For my summer software reading I choose Secrets of the Rockstar Programmers by Ed Burns (yes I know the title is a bit cheesy…). The book contains interviews with several male programmers, who have been in industry for at least 10 years, and have made significant contributions to in pure software such as creating a framework like Spring, or working on .NET architecture.
I thoroughly enjoyed the book, and the format makes it easy to digest. However, it took me a while to get through, because I wanted to mentally process each programmer’s hard and soft skills, and lifestyle. I thought it was an accurate depiction of what I believed the life of a programmer to be, and what it took to be stellar in the field of software.
There are a few common themes amongst these rock stars. The vast majority of them have trouble with work life balance, the exception being British programmers, such as Adrian Colyer, CTO of SpringSource, who spends weekend with his family. But for the rest, life is about solving problems and thinking about problems all the time. The younger programmers, especially, have trouble balancing a family life, and attest to the fact the have to be told spend time with family or have learned to make time. As far as hard skills go, Burns spent most of his time asking how these programmers keep up with technology trends, which blogs they read, and how to spot the latest language fads. When it comes to soft skills, a few believe it is important to have a business sense if you want to advance, but there are a few in the minority, who would rather focus their efforts on development and technology.

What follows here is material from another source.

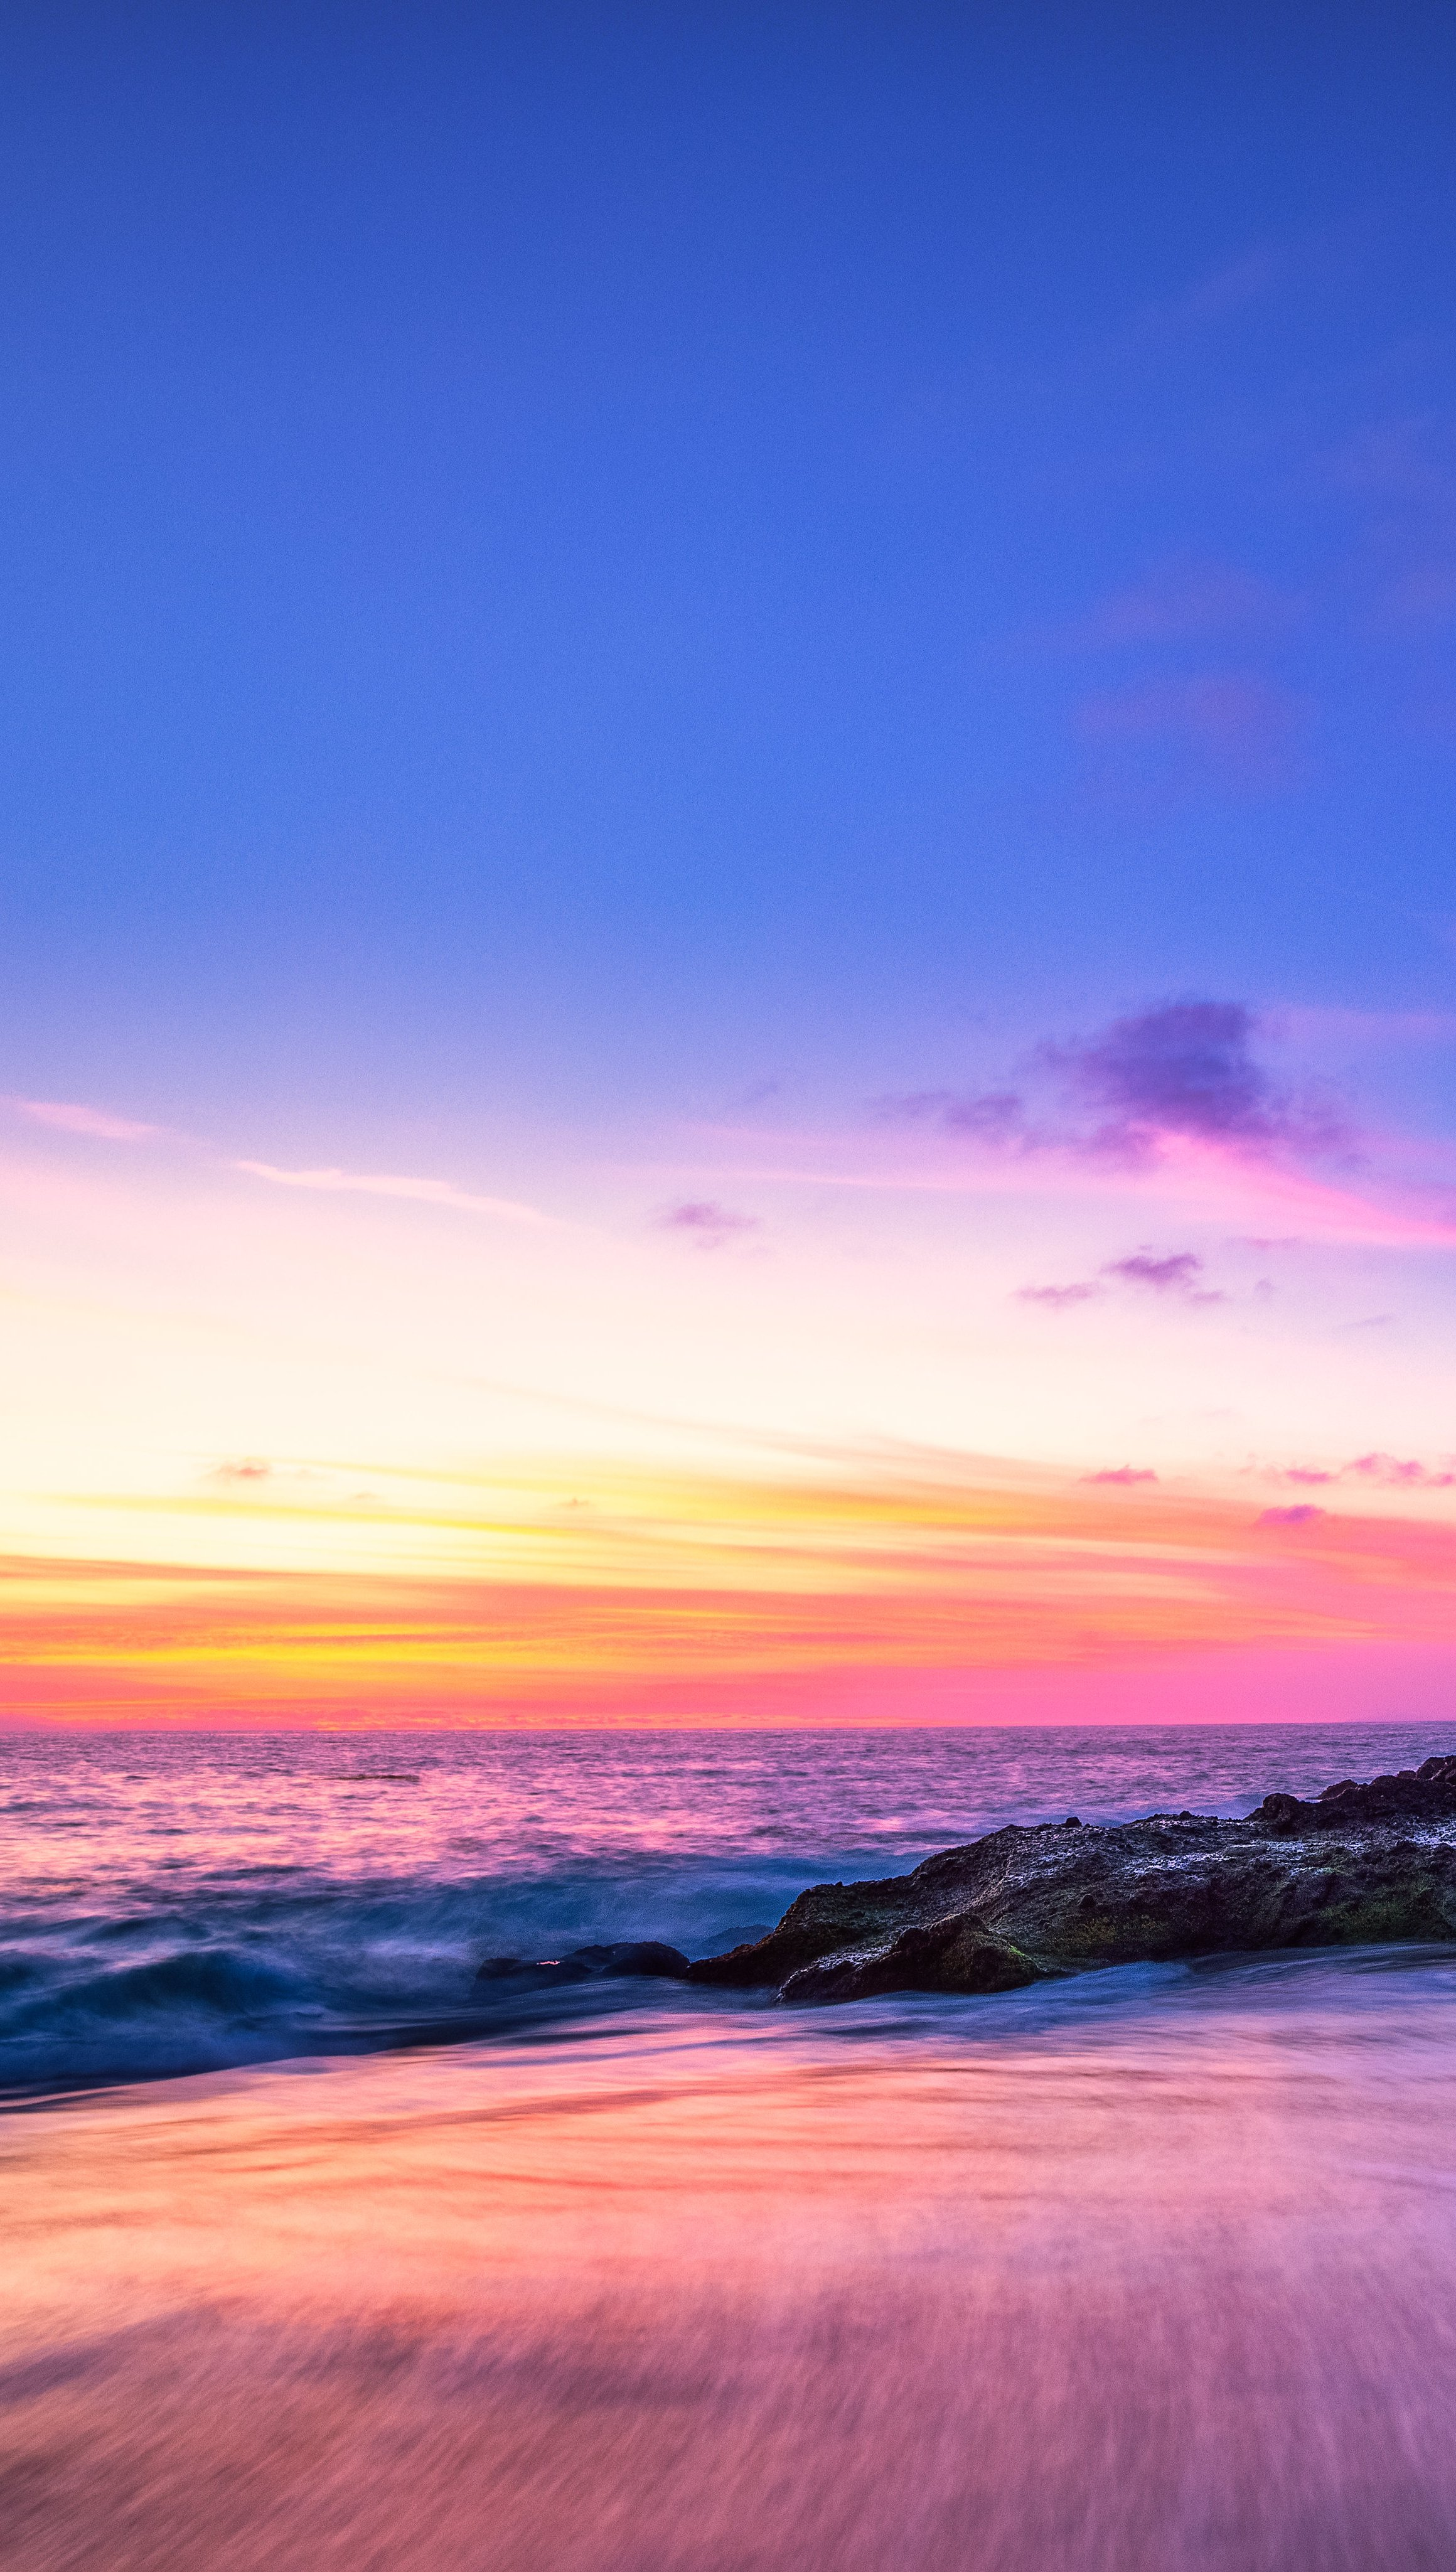 Fondos de pantalla Playa Laguna al atardecer Vertical

I also enjoyed the historical perspective of the book. Burns interviews programmers who pretty much started out with punch-cards, to those who have never had to manage memory. Having been an electrical engineer, it is very interesting to see how hardware technology improved the overall productivity of programmers, and from the software side it peaked my curiosity of what’s to come in areas such as cloud computing and thinking about the computer as a network rather than an individual self-contained processing unit.
After finishing the book I started thinking of issues that I felt the book did not handle, the most obvious being there were no female programmers interviewed! While I don’t believe it necessarily detracts from the essence of the book and what it takes to be a rockstar programmer, I think it highlights one of the fundamental problems that exists in the software industry: lack of female role models. Those who did exist such as Grace Hopper, have yet to be replaced by a new generation. And I don’t think it is because software is particularly difficult, there are plenty of women surgeons and lawyers.
Leaving aside the gender bias, I also thought the book was too biased in interviewing programmers who worked for purely software based companies like Microsoft, SpringSource, and Sun. While I think programmers at these companies are highly capable individuals, IMHO, they do not have the same resource constraints (both programmers and technology), and consumer driven issues such as security and high availability that programmers at places like Amazon.com, Facebook, and Mint.com face. It has hardly, if any programmers like myself, who work for consumer web services, and are constantly fighting to solve scalability, security, and performance issues. I would have liked to have learned about how people handle thinking about such issues given the fact that the age of the Internet is causing more software engineers to go into web services.
Overall, I would highly recommend reading Burns’ book, especially for those who are a few years out of college like myself, who are wondering what the next steps are in their career, and interested in learning from those who have paved the way.